Meal Planning: W/C 01/09/14

Meal Planning 01/09/14

This self-employment malarky is confusing. One month you’re eating like royalty, bouncing around town at all of the cool spots. What’s that? You can’t be bothered to cook? Let’s go out! Another round of drinks? I’ll get these! Tasting menu? Don’t mind if I do. Then the next month rolls in and suddenly you’re gazing at your bank balance in some sort of a daze, thinking “Where did all the money go?” Prince to Pauper in the extreme. 

Alright, so some of that is down to my poor household and financial management, but after three long years of going it alone, I still can’t manage to get into that swing of saving when I’m busy so I don’t need to scrimp when I’m not. Hence the meal planning. August has been my summer holiday month. I didn’t go anywhere exotic, but I took a week off and did a bit of hopping around the country visiting various friends and relatives. Thing is, when you pay yourself and you don’t do any work, well… there’s no payday. Still getting my head around that one.

So this week I’m trying to keep the costs down. I’ve had my jollies, checked out the new openings, but now it’s time to sit back and cozy up for Autumn. I don’t mind staying at home when the weather’s bad. I’ve got £50 this week to feed Matt and I, which may sound lavish to some, but trust me, we can spend a lot more than that. Hey – food is our hobby. I haven’t budgeted for breakfast because generally Matt doesn’t eat it and I have the same thing, of which I have plenty in stock. We’re not big on desserts, either, so you won’t see many of them. This is my plan: 

Monday: Because he works in street food, Matt’s weekends generally fall on a Monday and a Tuesday. Sometimes we go out, but this week I’ll be cooking at home so he can put his feet up. Lunch is soup and bread, which I’ll hopefully homemake on Sunday. I have everything needed for bread in the cupboards. Soup will be made from whatever leftover veg we have from the week. Tea will be a courgette risotto – it’s the end of the courgette season and you gotta get those babies while you can. This needs fresh courgettes, goats cheese and a bottle of wine – I have the rest. £10.

Tuesday: For lunch, it’s sliced minute steak from the freezer folded through couscous with harissa, roasted onions and pine nuts. Time to replenish those pine nuts, they’re seeing a lot of use lately. Tea tonight will most likely be cooked by Matt. It’ll probably be that bit of pork belly we’ve got in the freezer if I know him at all, maybe with borlotti beans (cupboard) and cider. I’ll give him a budget of £8 to spend just in case, he’s pretty good at coming up with impressive meals on limited funds. £11.

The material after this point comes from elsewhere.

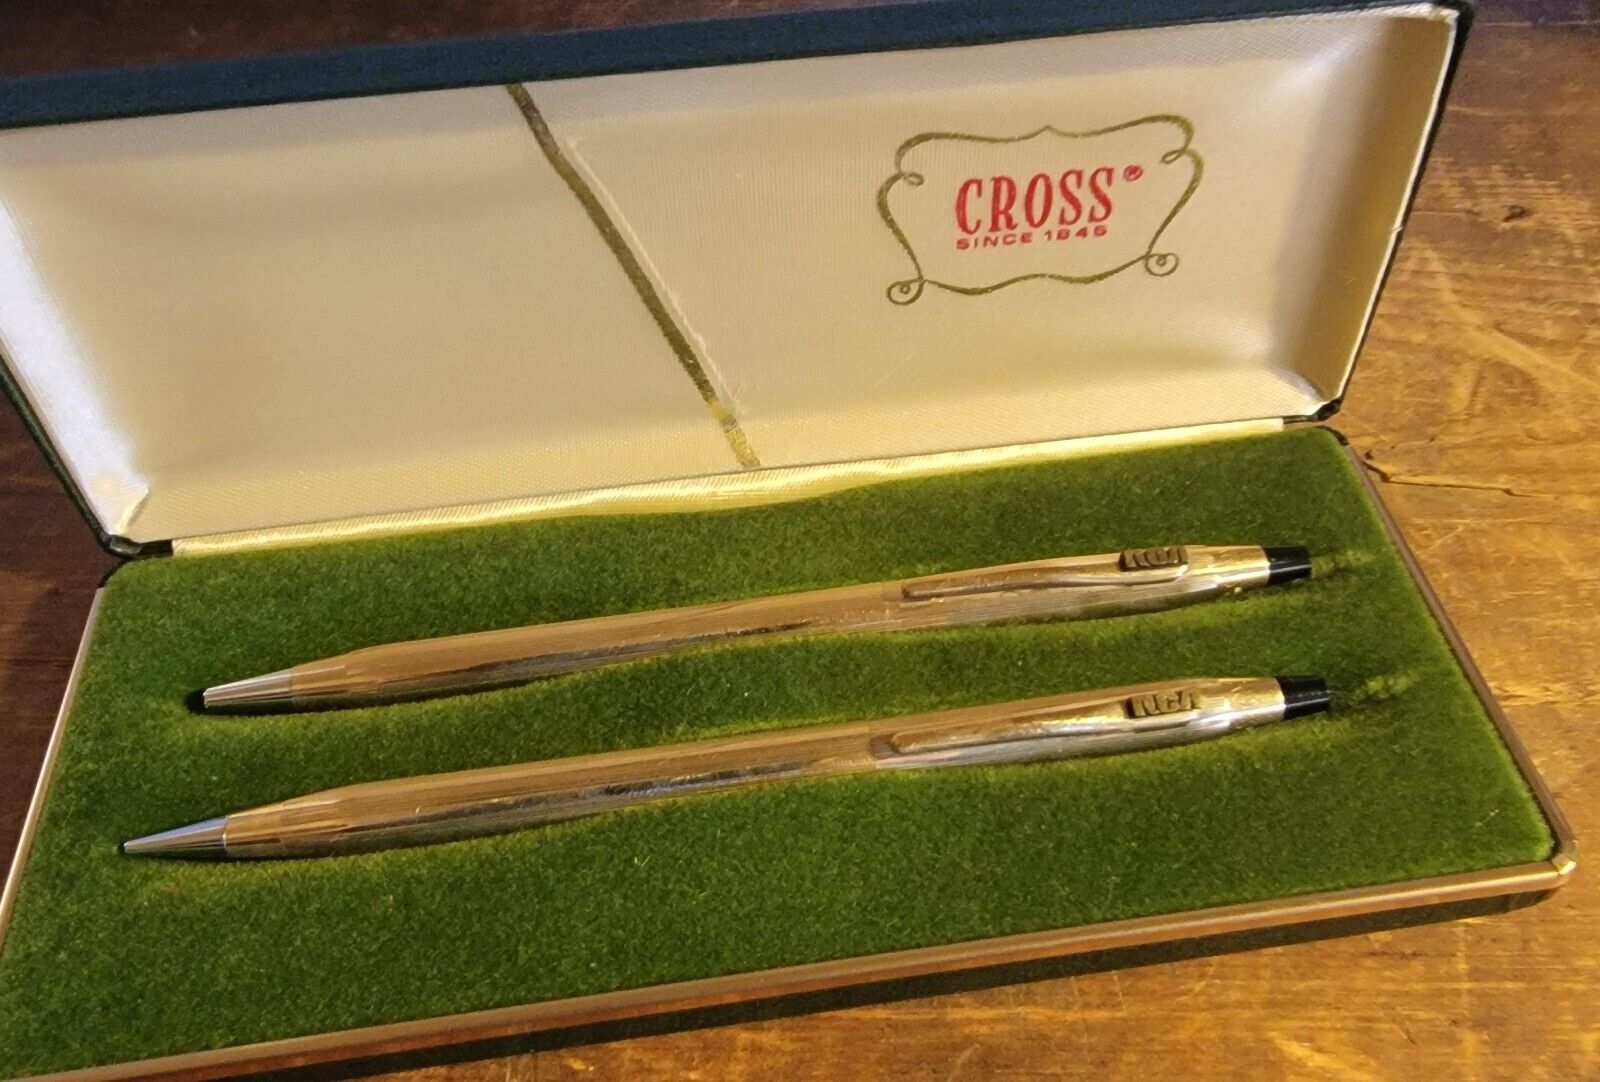 Vintage RCA Cross 10k Gold Filled Rolled Ballpen & Pencil Set with Original Box

Wednesday: For lunch today, I’m taking more of the soup I made on Sunday to work. I’ll heat it up in the microwave at lunch time and eat it with bread – homemade if it’s not stale yet, but otherwise I’ll pick up a fresh roll from Co-op on my way in.  Left over risotto means one thing only – arancini. Tonight’s tea is light on the spend, heavy on the prep. I’m thinking Italian Small Plates. Arancini, deep fried courgette with mint, homemade garlic bread and aubergine parmigiana. Raspberry ripple ice cream (homemade) to finish.  I need an aubergine, a new bulb of garlic and a packet of mint. Eggs and cream for the ice cream. £6.50

Thursday: I’m styling and shooting for a client during the day, so don’t need to plan lunch. For tea? Matt’s working so it’ll be simple pasta for me, linguine from the cupboard, plus pine nuts, diced bacon and peas from the freezer, lemon and a splash of cream leftover from Wednesday’s ice cream. £2.50.

Friday: Another morning full of styling and shooting, this time I’m collaborating on a recipe for Food&. I’ll scrounge what I can from what’s left. In the afternoon I’m finishing off the copy for a client’s website and then shooting out to dinner with friends. No grocery spend today.

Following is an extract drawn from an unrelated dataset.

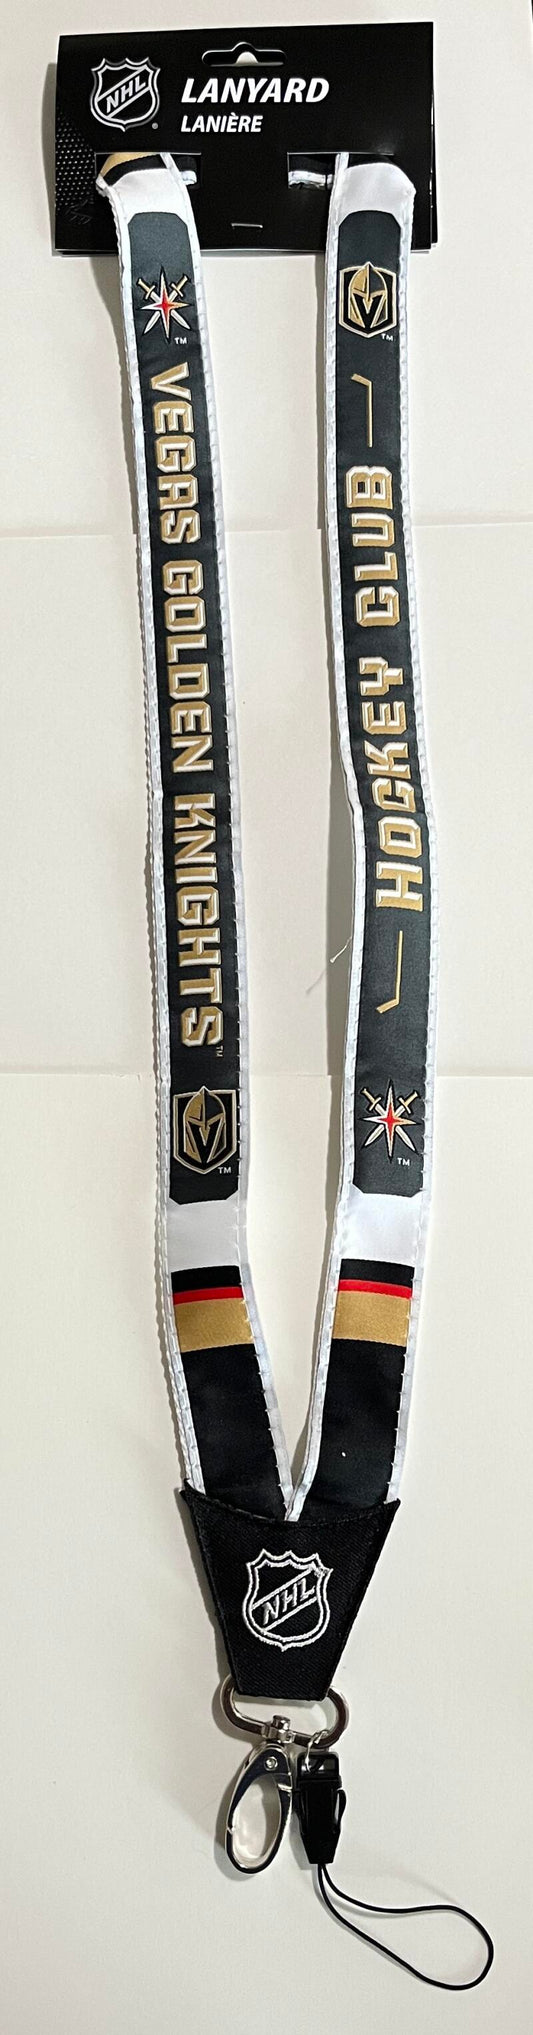 Los Vegas Golden Knights Woven Licensed NHL Hockey Lanyard Metal Clasp Image 1

Saturday: Realistically, I’ll be out and about during the day on Saturday. I might meet friends for a coffee, Mrs Athas most likely, and pick up lunch while I’m there. Or maybe at Trinity Kitchen. For dinner I’m on my own again, I’m cooking honey sesame chicken with egg fried rice – I’ll make a double portion so Matt can have some when he gets in. The chicken comes out of the freezer, two thighs left over from another meal. I need to replace my honey and buy spring onions. Luckily I have sesame seeds and rice already in store, plus eggs leftover from the ice cream. Will treat myself to a bottle of slimline tonic so I can have a gin or two – it’s the weekend after all. £4.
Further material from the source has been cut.